• [PROVIDED DATA]:
_ _ _ _ _ _ _
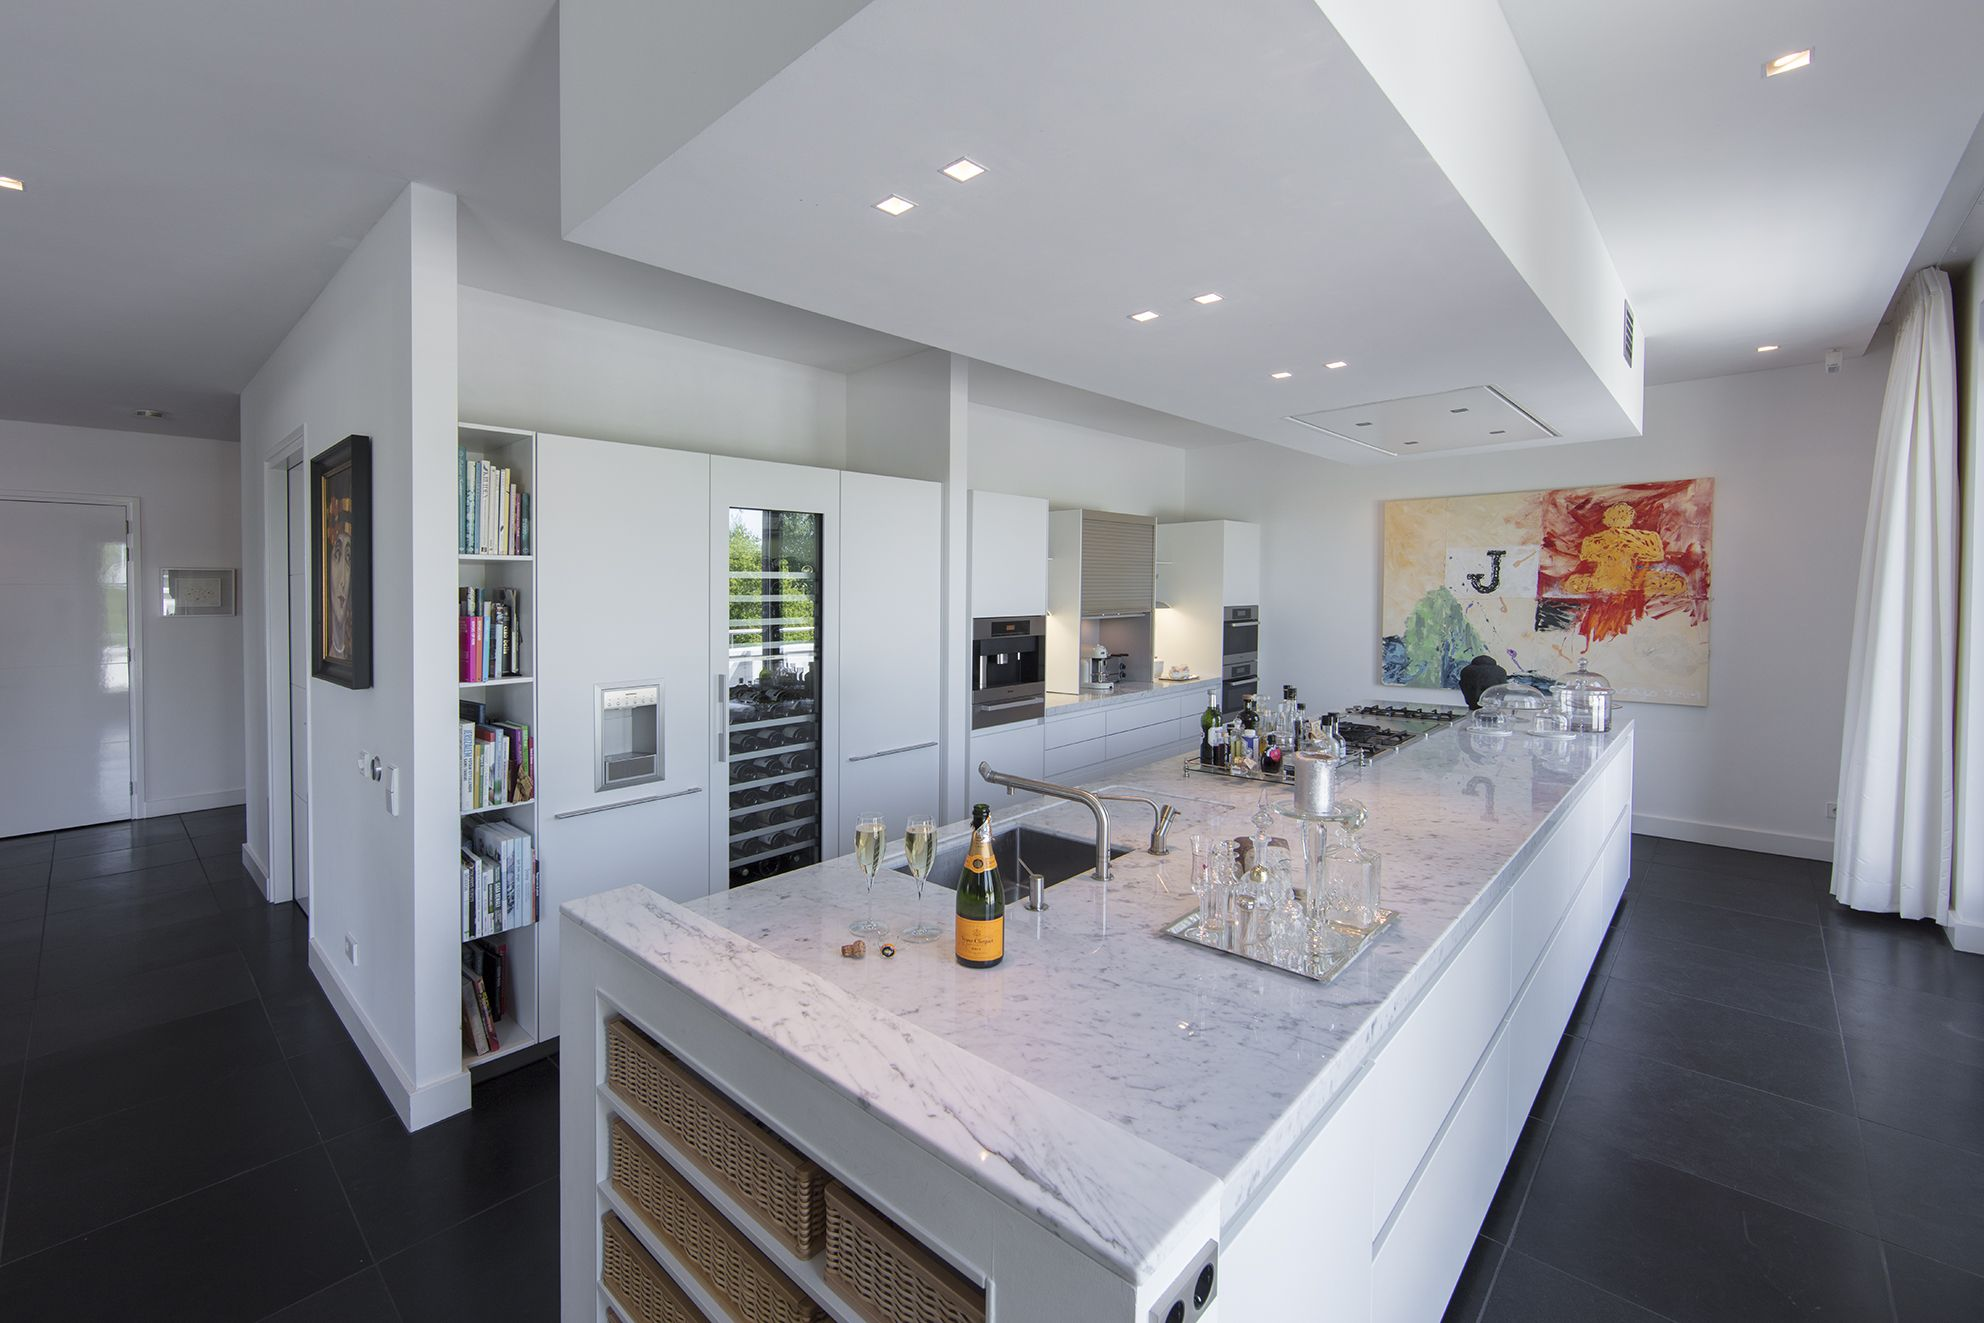 Penthouse Jan des Bouvrie ‹ Interieurfotograaf | Fotograaf |Michael ...
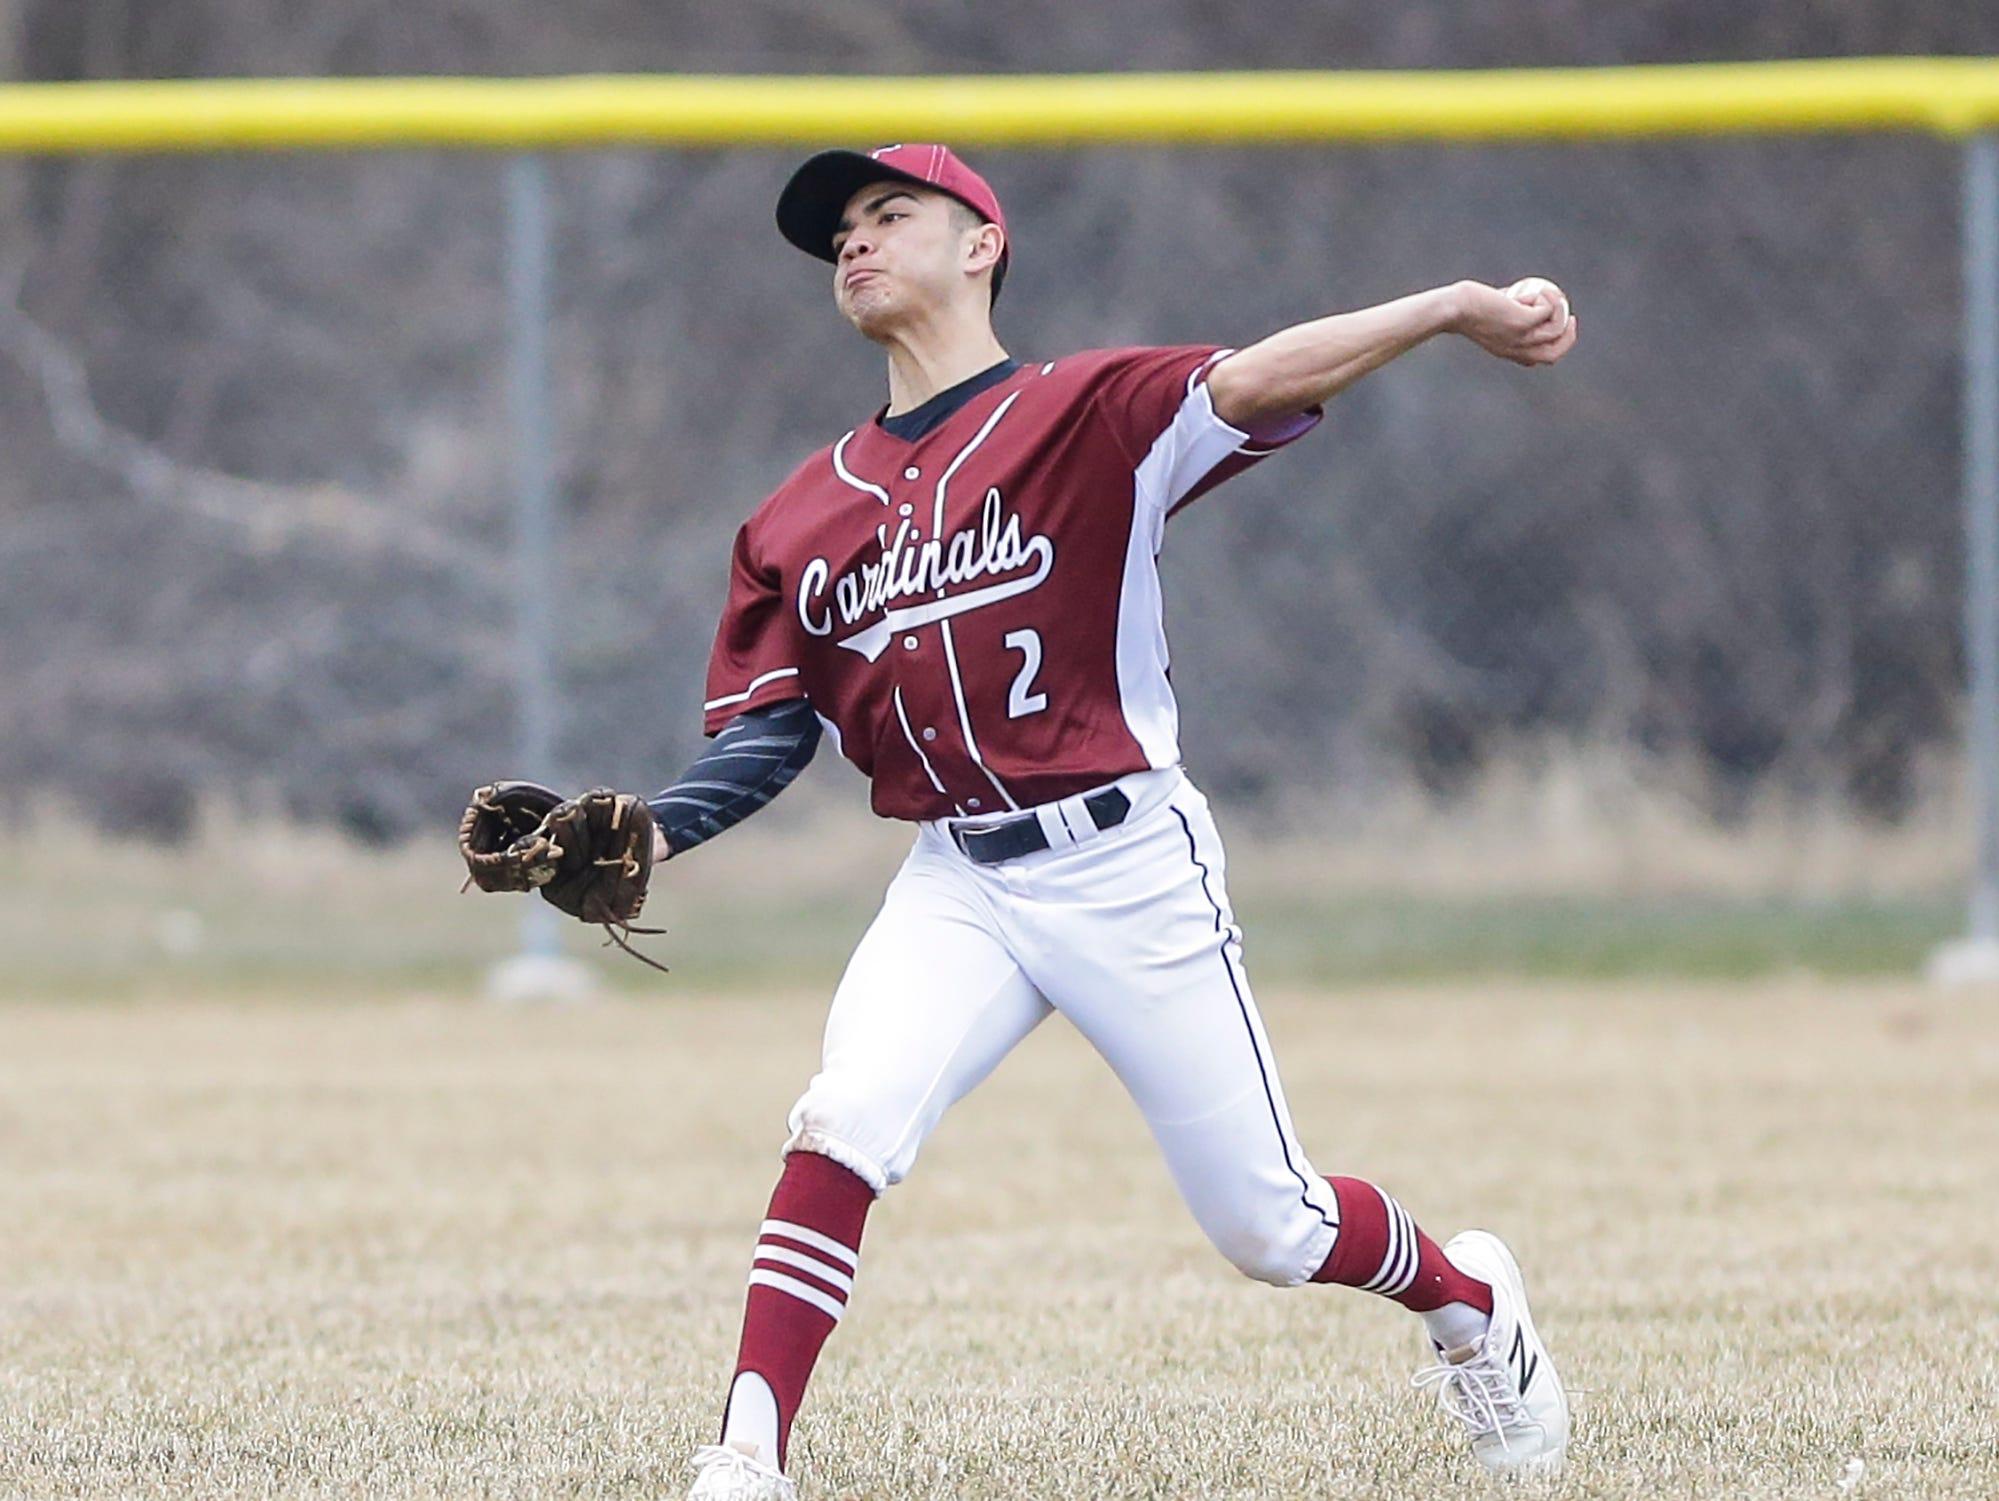 Fond du Lac High School baseball's Julian Murillo fields a ball against Ashwaubenon High School Saturday, April 6, 2019 during their game in Fond du Lac, Wis. Fond du Lac won the game 5-3. Doug Raflik/USA TODAY NETWORK-Wisconsin
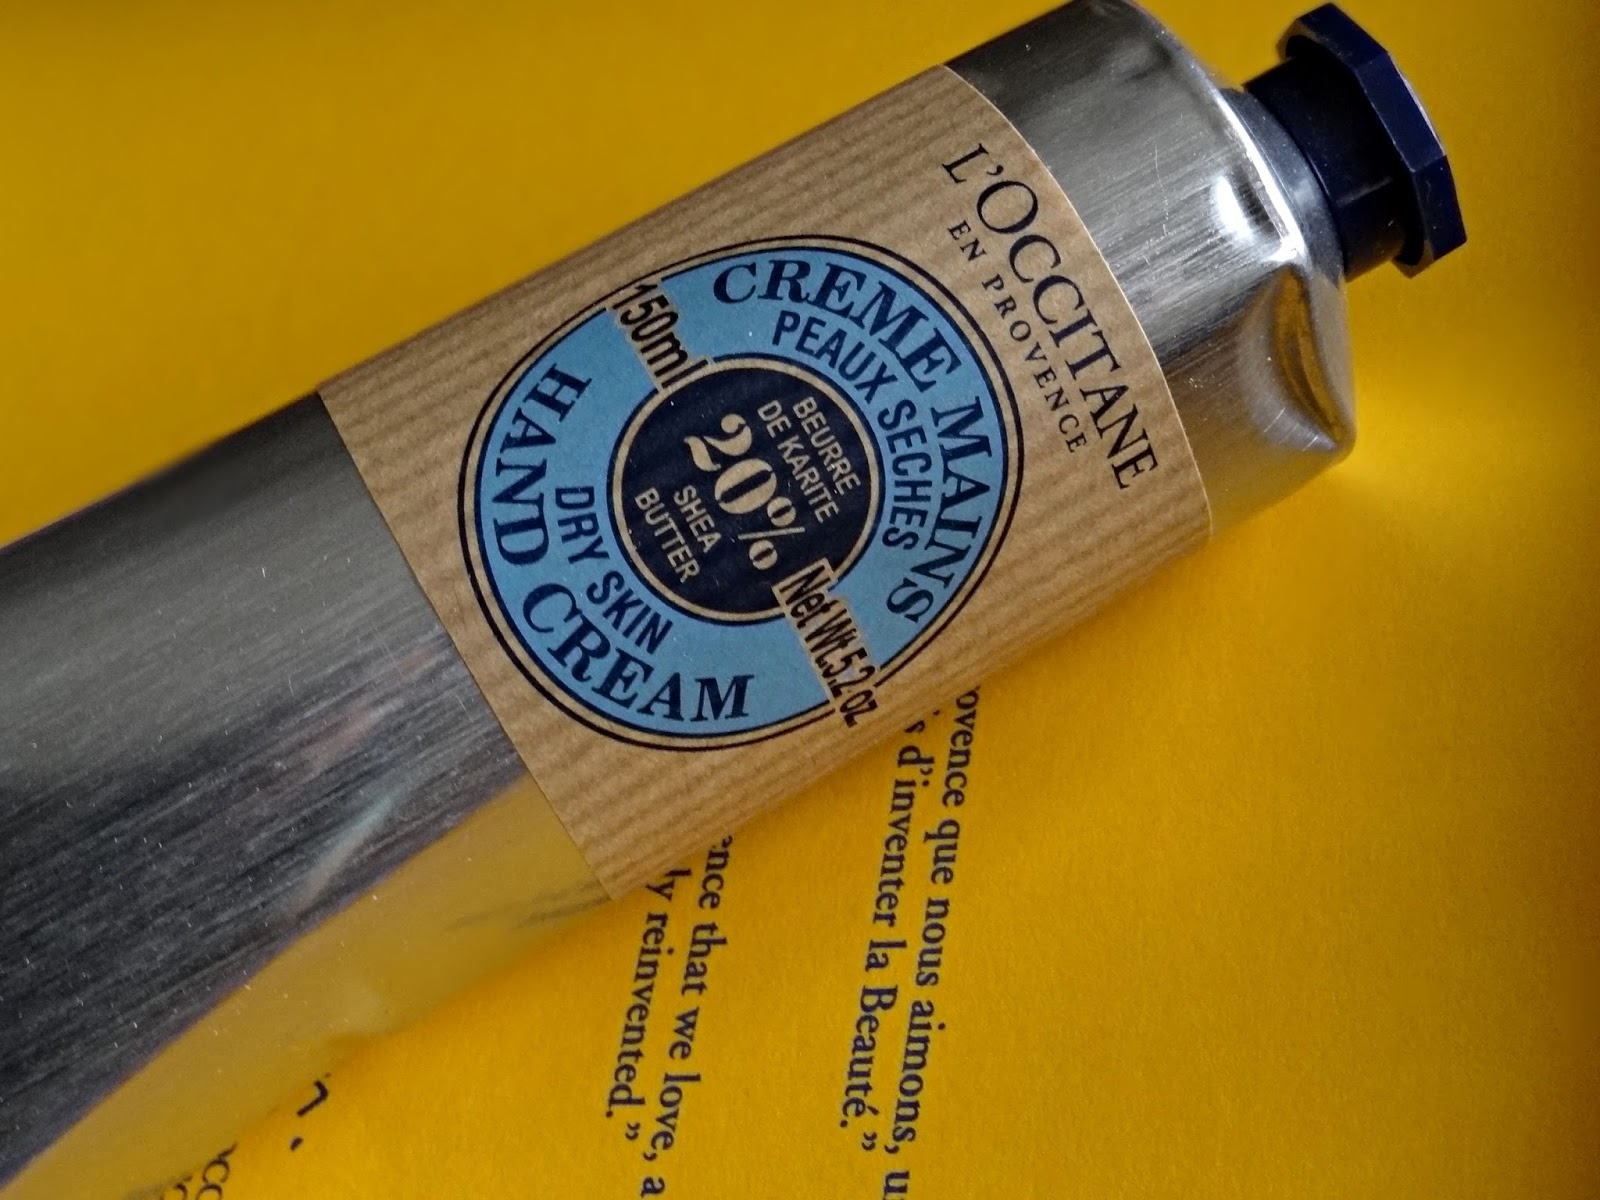 L'Occitane The Secret To Beautiful hands Shea Butter Hand Cream
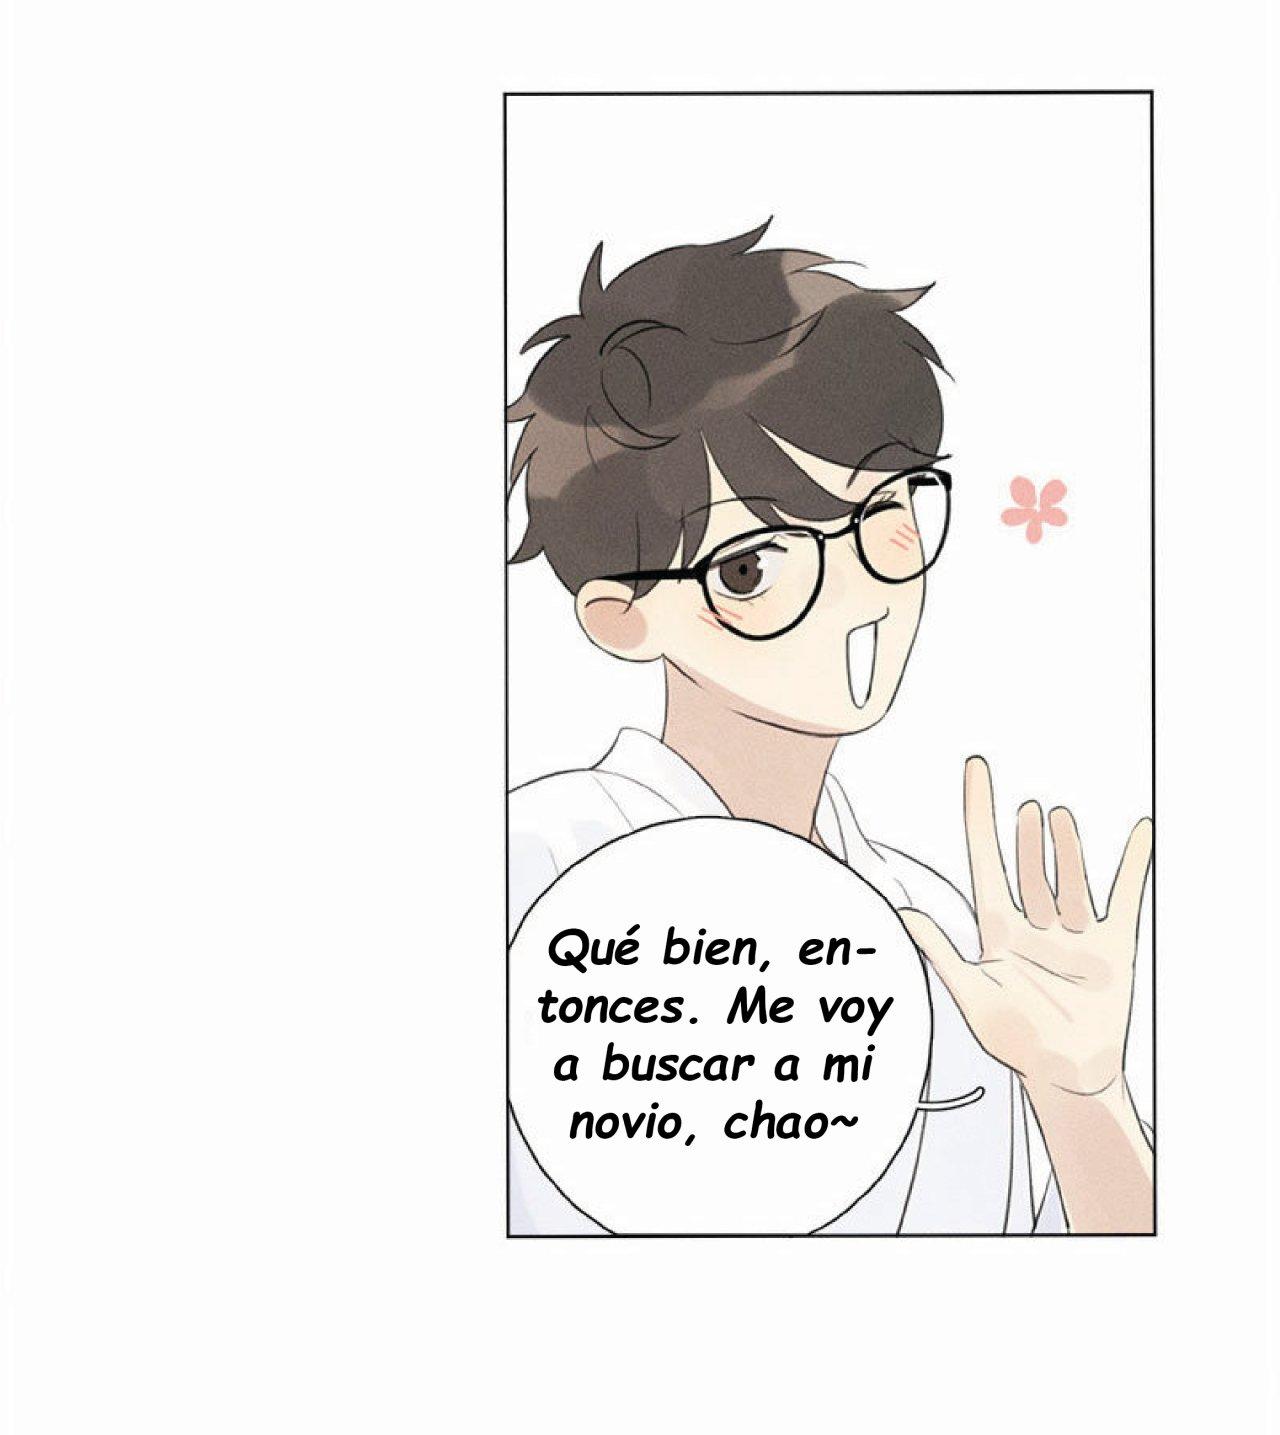 https://nine.mangadogs.com/es_manga/pic8/29/24925/946329/2aa4320da9428380432806ed57ccc966.jpg Page 39
_ _ _ _ _ _ _
• [PROBLEM STATEMENT]:
Would you print the material exactly once more, without any of its pictures?

• [RESPONSE BELOW]:
 Penthouse Jan des Bouvrie ‹ Interieurfotograaf | Fotograaf |Michael ...
 Fond du Lac High School baseball's Julian Murillo fields a ball against Ashwaubenon High School Saturday, April 6, 2019 during their game in Fond du Lac, Wis. Fond du Lac won the game 5-3. Doug Raflik/USA TODAY NETWORK-Wisconsin
 L'Occitane The Secret To Beautiful hands Shea Butter Hand Cream
 https://nine.mangadogs.com/es_manga/pic8/29/24925/946329/2aa4320da9428380432806ed57ccc966.jpg Page 39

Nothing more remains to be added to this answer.